We will now describe the workflow of XD with CPs, organized in 12 steps (The XD iterative workflow).
Task 1. Get into the project context. A group of designer and a group of domain experts (or costumer representative) identify together an overview of the problem, its scope, and initial terminology. The result of this task is a collaborative environment where domain experts and designers will share documentation and argument about modelling issues.
Task 2. Collect requirement stories. The costumer is invited to write stories, possibly from real, documented scenarios, that samples the typical facts that should be stored in the resulting ontology. A story should includes the story's title, a list of other stories which it depends on, a description in natural language, and a priority value assigned by the designers based on the interaction with the costumer. Stories can be added by costumer/domain expert during the whole project life cycle.
Task 3. Select a story that has not been treated yet. Each pair of designers selects a story that will be the focus of their work for the next iteration.

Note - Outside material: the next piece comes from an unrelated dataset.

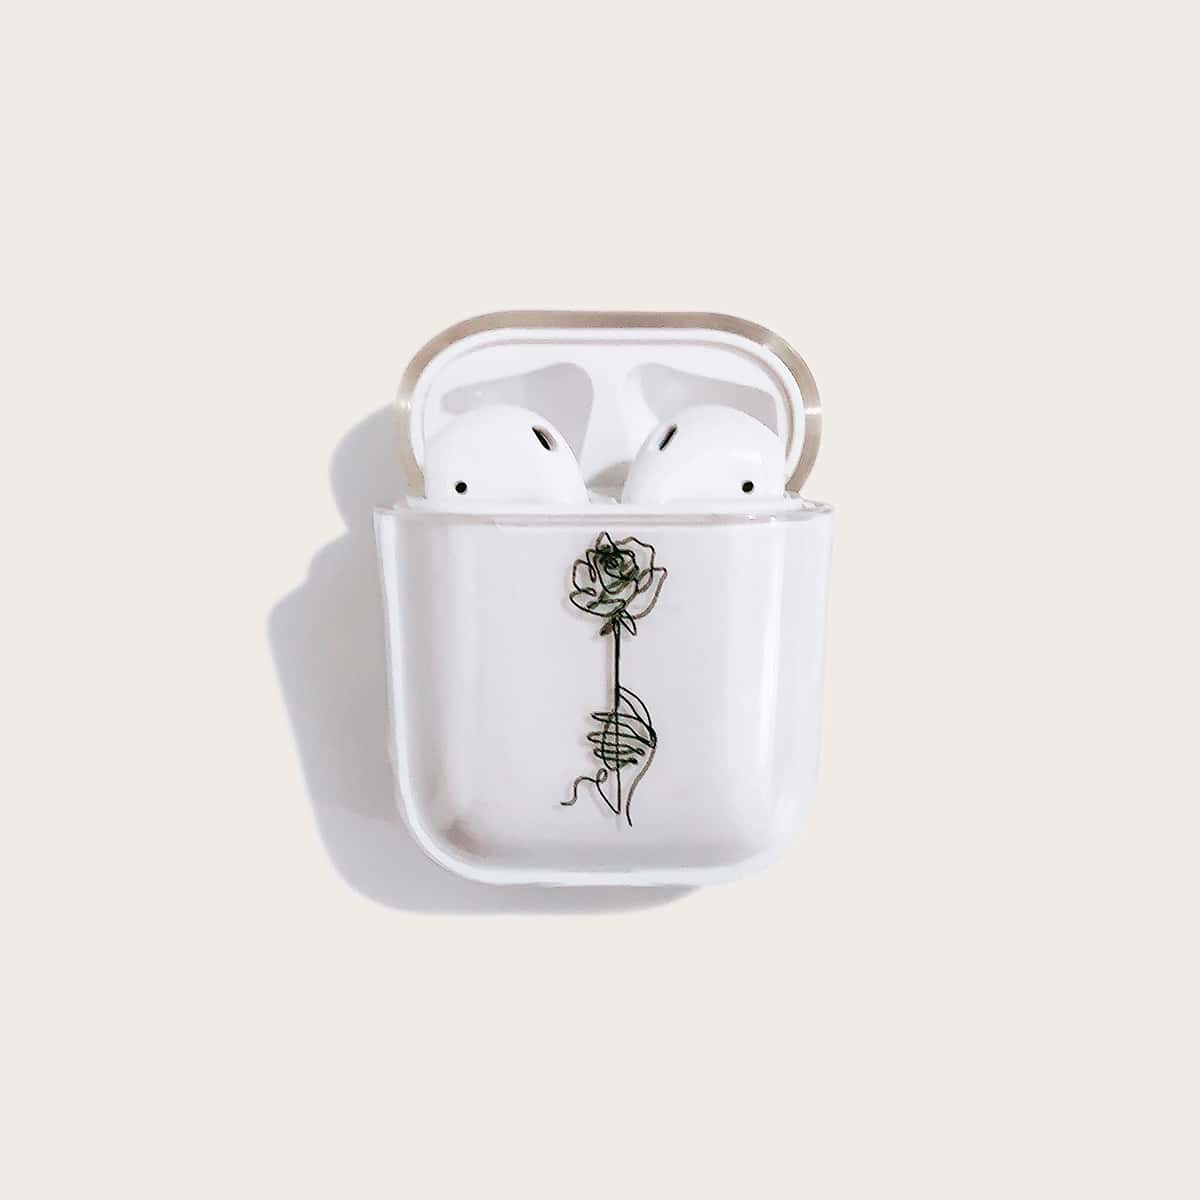 SHEIN / 1 Stück Transparente Airpods Hülle mit Rose Muster

Task 4. Transform the story into CQs. The pair process the story and from it derive a set of CQs. In order to do that, designers could involve the costumer for having feedback/clarifications. First the story is split into simple sentences, meaning that complex example sentences may be broken up into shorter sentences to increase clarity. The sentences are abstracted so that they describe a class of facts instead of a specific one. Additionally, contextual statements can be derived from the discussion with the costumer/domain expert.
E.g. Rome is the capital of Italy, it is located in the Lazio region. The senteces can be generalized in: A city is the capital of a country. A city is located in a region.
CQs:
- What city is the capital of a certain country?
- In what region is a certain city located?
- In what country is a certain city located?
Task 5. Select a CQ that has not been treated yet. The iteration continues by selecting one of the CQs.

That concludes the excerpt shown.